Brewery praised for hiring people with learning difficulties and changing livesJanuary 23, 2020
As craft beers go, Spotlight Brewing’s names are not that unusual. Spectrum. One More. Fragile X.
But each contains a special meaning. One More is more than a session pale ale. It’s a tribute to people with Down’s syndrome, and to the fact they have a chance extra copy of chromosome 21.
Fragile X, a smoky 5.8% porter, is also the name of a genetic condition that can lead to someone having learning disabilities.

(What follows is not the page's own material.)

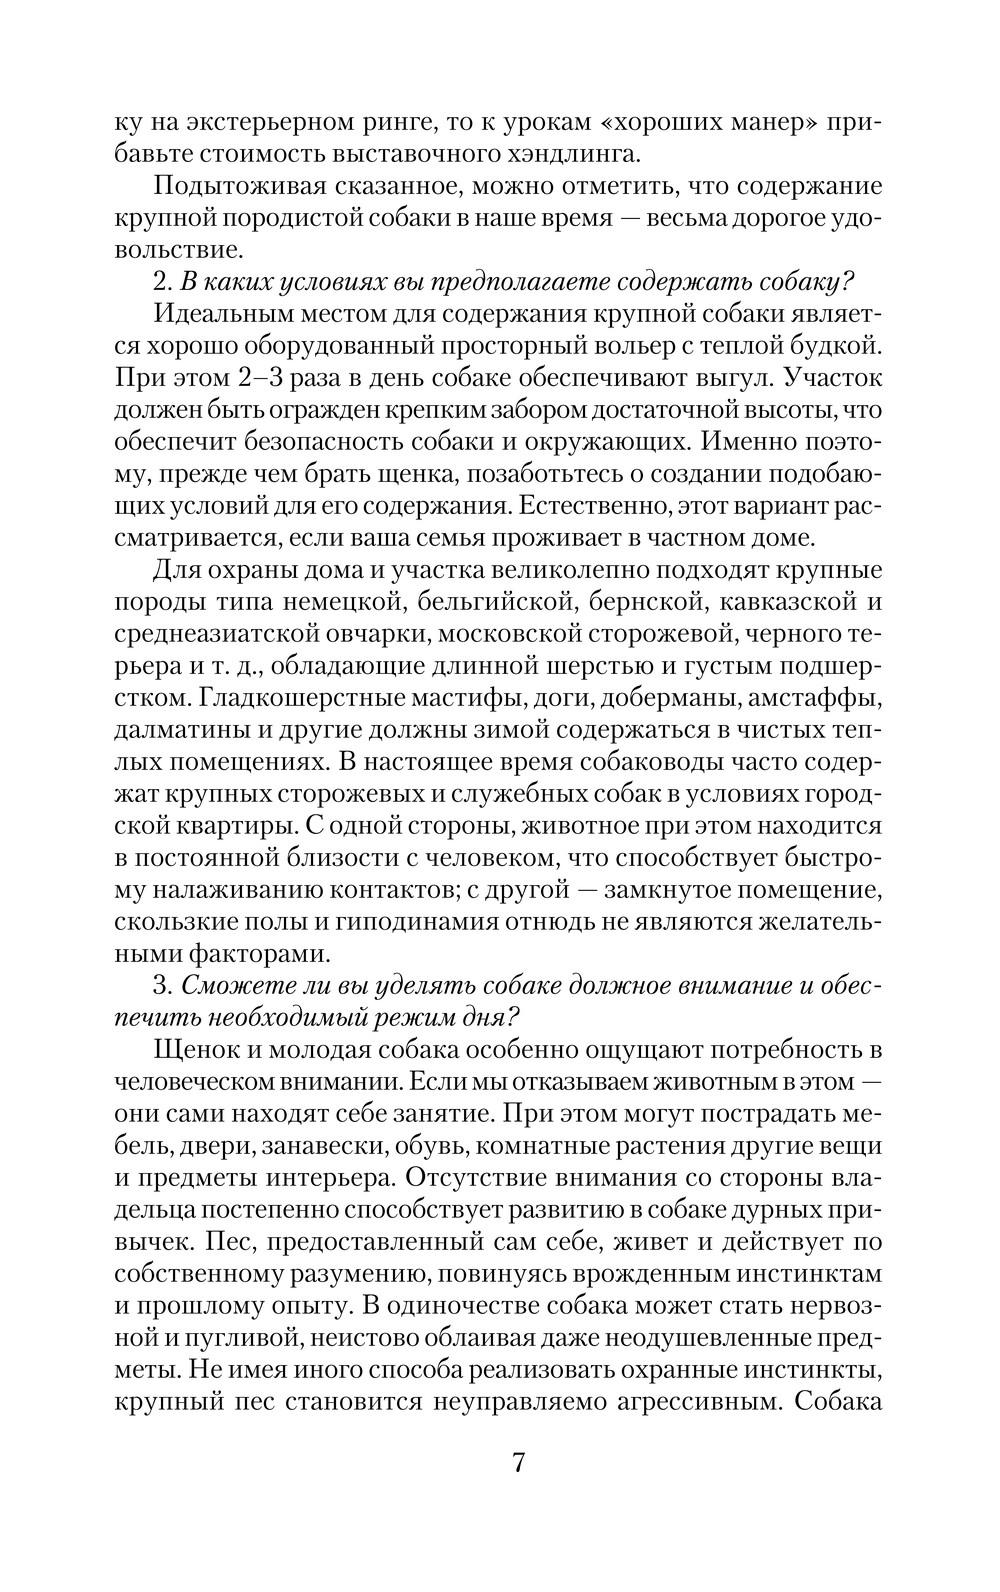 http://i6.imageban.ru/out/2014/01/12/cc6a5c2810b94be4b48325f3e01766a9.jpg

Meanwhile, Spectrum refers to autism. Undiagnosed, a hoppy beer, is there to “raise awareness of all those out there unable to get a diagnosis”.
All of the beers are a source of pride to Spotlight’s workforce on a converted farm in Goole in East Yorkshire.
Neil Elston, 52, is part of the brewing team, spending two or three days a week making and monitoring the next batch. He has Down’s syndrome and loves making the beer, and especially tasting it.
He also has his own shed there and is repairing paths around the site.
Before the brewery, Kev McMinn, 62, was struggling after losing his mum. Now, he is smiling widely as he shows us how to test the beer and where different equipment is kept.
“I was sad about mum,” he says.
“But I’m a lot happier now.” He takes pride in keeping the place clean, scrubbing and sterilising giant steel kegs.
Matthew Cottingham, 30, who also runs his own greetings cards business, is in charge of sales.
“I love it,” he says. “It’s great having things to do.”
His favourite part of the job is marketing the beers – visiting pubs and bars to sell them.
Head brewer and support worker Ric Womersley, 27, was working at the residential centre next door when he had the idea of creating a micro brewery.
“I do some home brewing and I thought this could be a way of us working together,” he says. “It’s all about having some fun and learning new skills.”
The brewery started from scratch exactly two years ago. Spotlight was given an old storeroom rent free, which the team set about clearing and patching up.
Then, when a brewery down the road folded, they were gifted the equipment, and Ric used some of his own money to get them started.
Now they sell 30 to 40 casks or kegs a month to nearby pubs, and as far afield as Swindon, Wiltshire, plus there are plans to open a tap room.
Almost 200 miles south of Goole, in Sydenham, South London, Nick O’Shea at Ignition Brewery has taken the idea a step further.
An economist who has volunteered at a local Mencap branch for 12 years, including running its Tuesday Club disco, Nick, 43, realised most of the people he volunteered with were unemployed.
“I’d be talking to people about what I’d been up to, and when I asked the same question back people would say they hadn’t done anything,” he says. “I felt that wasn’t right, that I could help create more opportunities.”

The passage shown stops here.